Hospitals Work To Comply With New Law on Infections
California hospitals are facing pressure from nationwide initiatives and a new state law to improve hygiene standards and prevent hospital-acquired infections, the San Francisco Business Times reports.
A state law signed in September 2006 (SB 739) will require hospitals to adopt measures to prevent hospital-acquired infections. The law also requires hospitals to follow CDC-approved guidelines and submit data to the National Healthcare Safety Network. Provisions of the law will take effect in January 2008 and January 2009.

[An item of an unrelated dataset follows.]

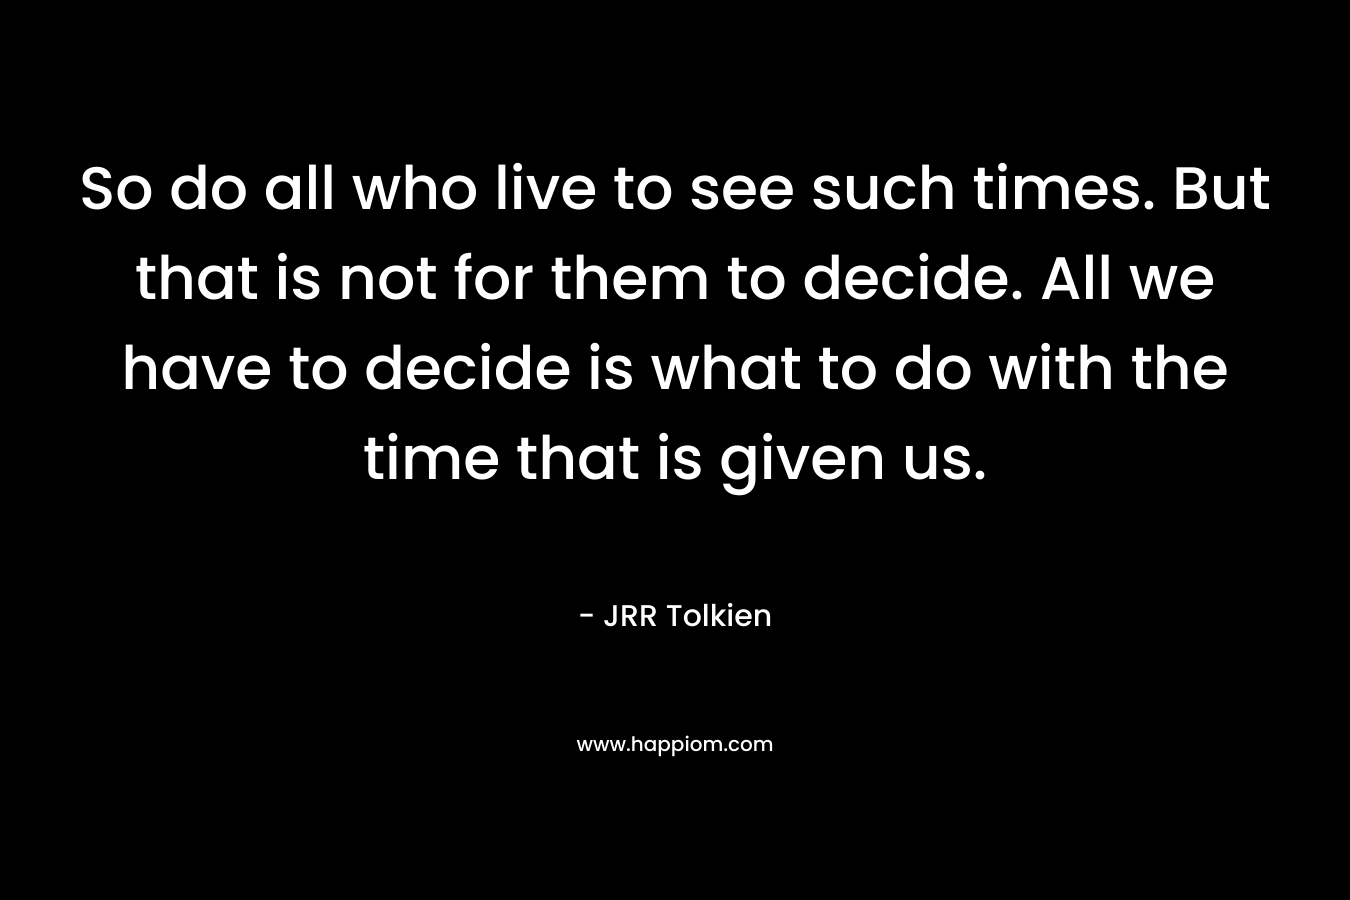 So do all who live to see such times. But that is not for them to decide. All we have to decide is what to do with the time that is given us.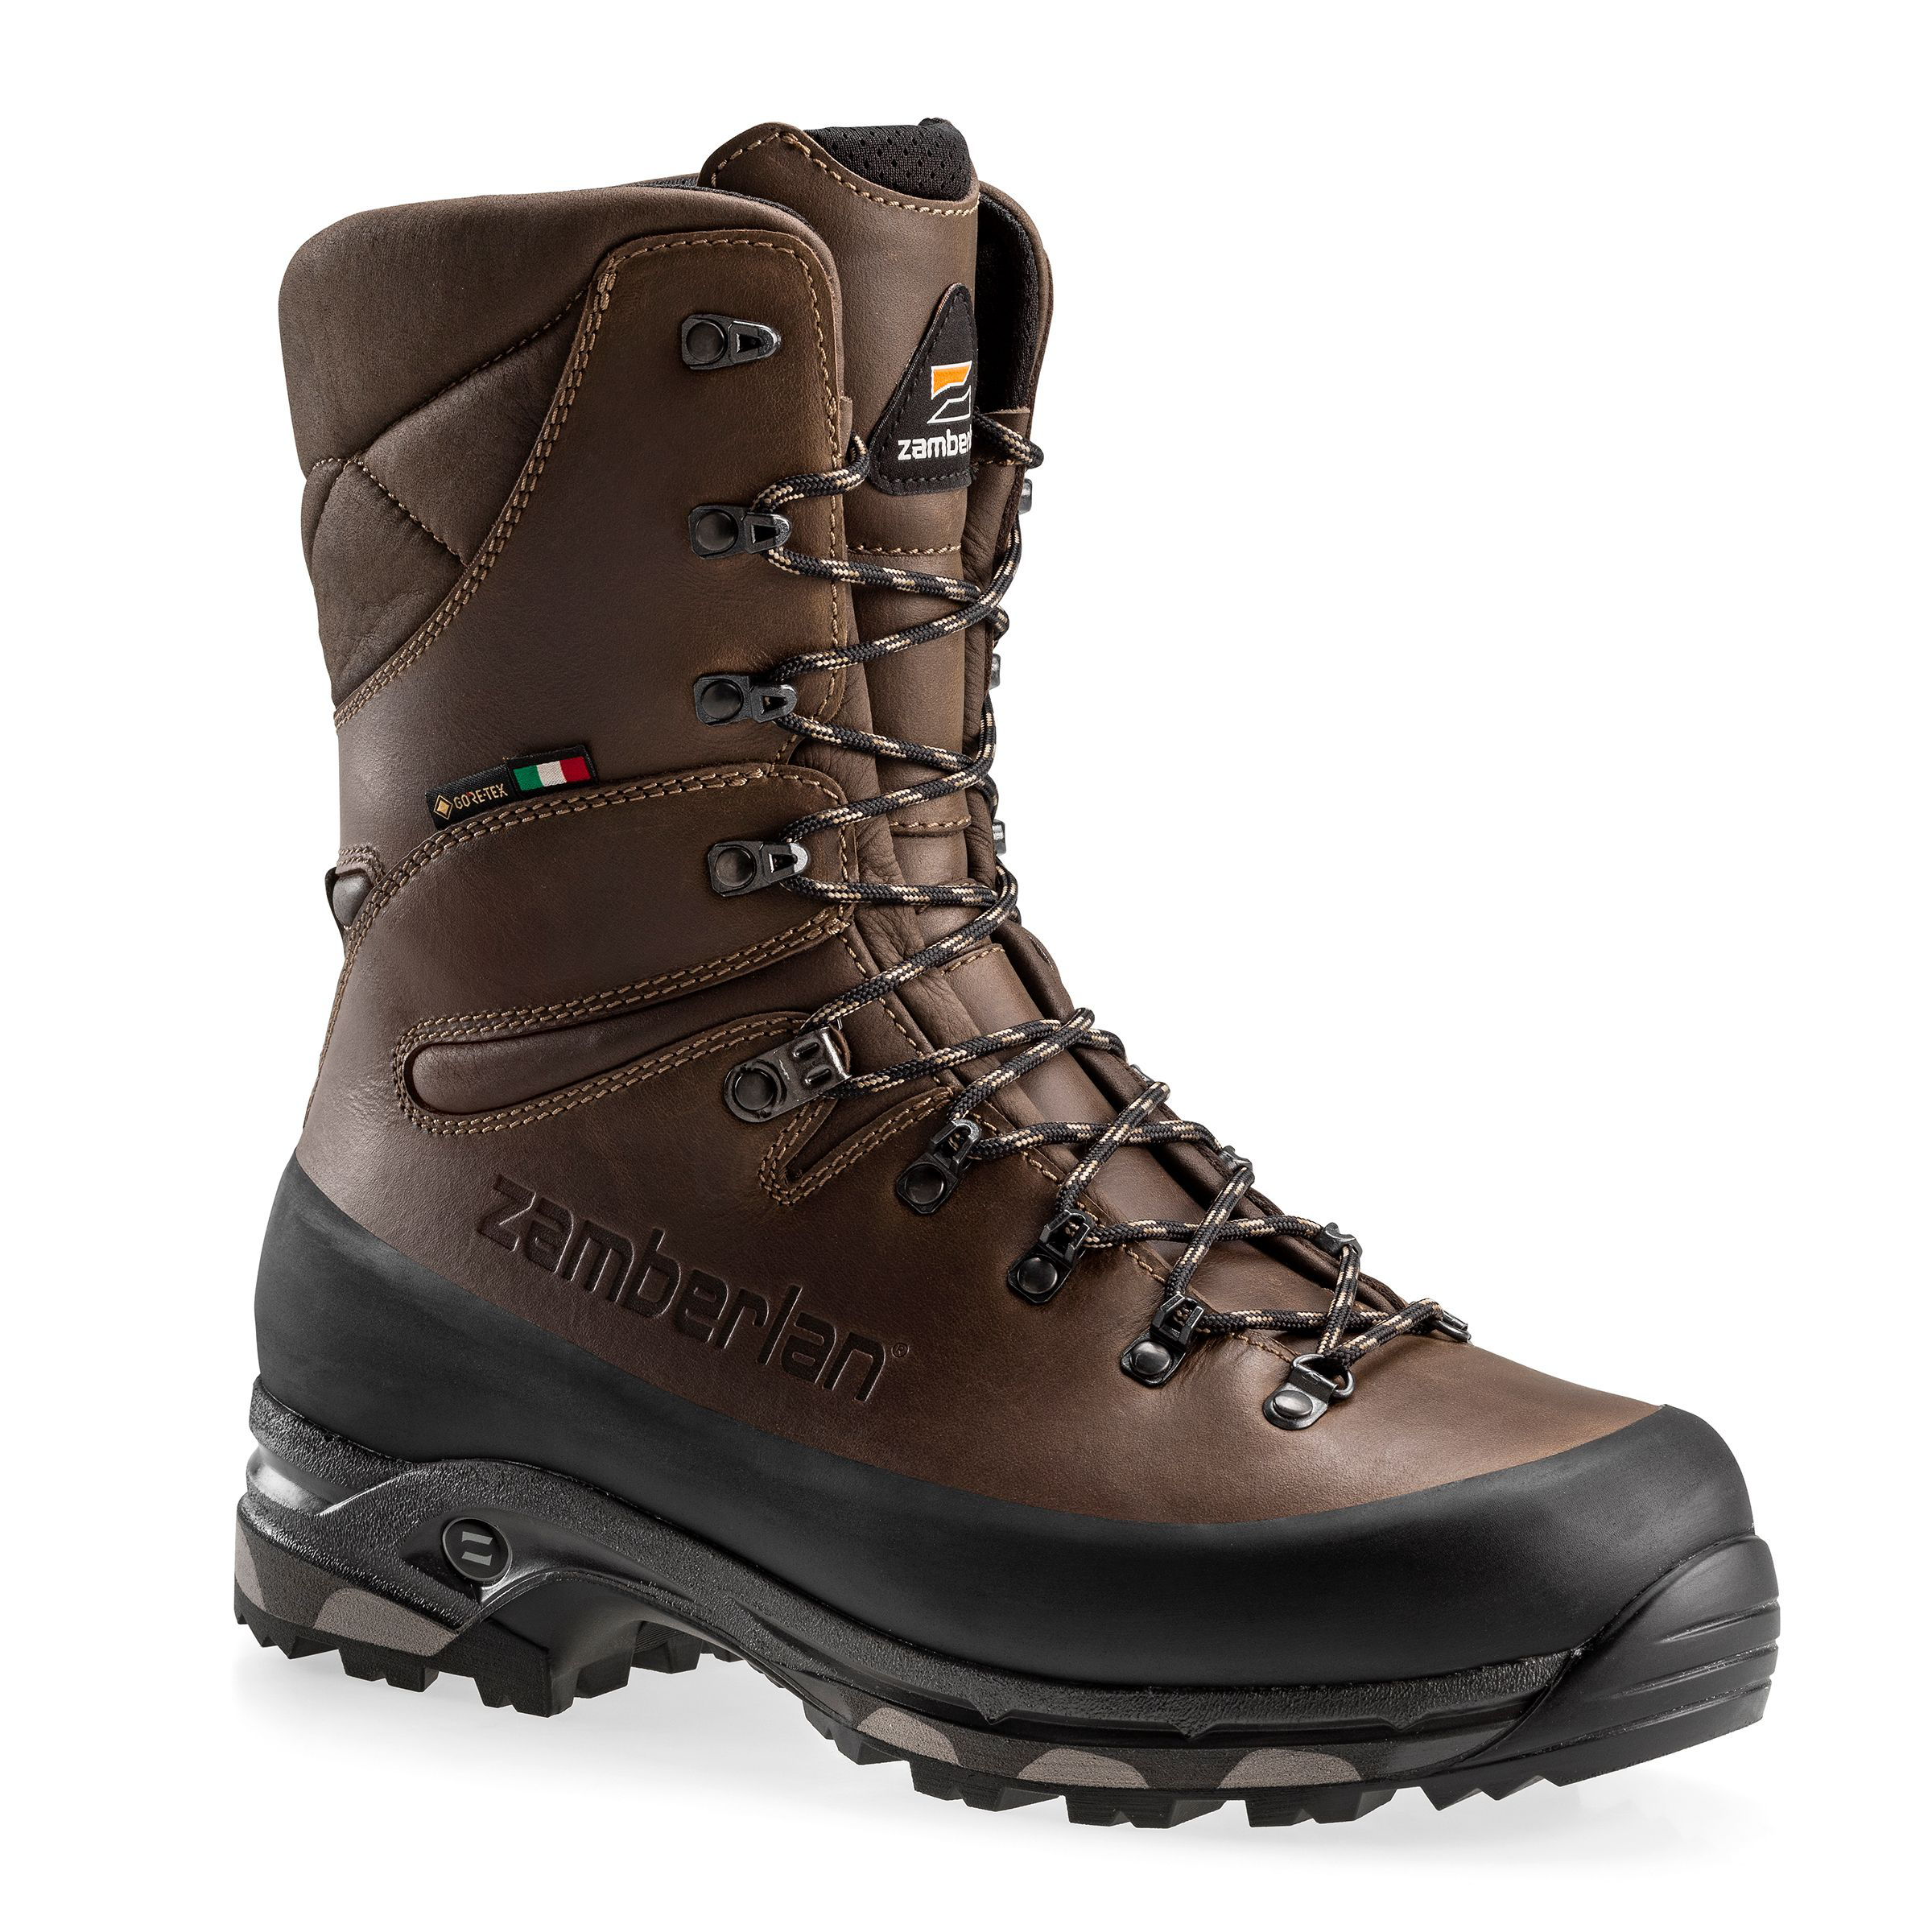 Zamberlan 1005 Hunter Pro GTX RR WL GORE-TEX Insulated Hunting Boots for Men - Brown - 12W

Dr. Michael Gropper, director of critical care medicine at UC-San Francisco Medical Center, said the deaths can be prevented through better hygiene by physicians and nurses, as cited in clinical studies at Johns Hopkins University and other institutes.
Technology upgrades and better hygiene practices at UCSF have reduced the rate of infections from 45 cases and 16 patient deaths in 2004 to 22 infections and eight patient deaths in 2006. Total costs from the infections over the same period reduced from $3.6 million to $1.76 million, according to Gropper.
Practicing better hygiene includes washing hands more frequently, using catheters with antimicrobial agents, improving air ventilation systems and using stronger soaps and cleaning agents.
However, changes in hygiene practices are difficult to enforce because many workers do not follow through in their daily routines, according to the Business Times.
Philip Madvig -- associate executive director of the Permanente Medical Group, which represents all of Kaiser's Northern California physicians -- said the hospital system is introducing more stringent hygiene standards in less-intensive hospital units by installing washing stations in or near all patient rooms (Rauber, San Francisco Business Times, 1/26).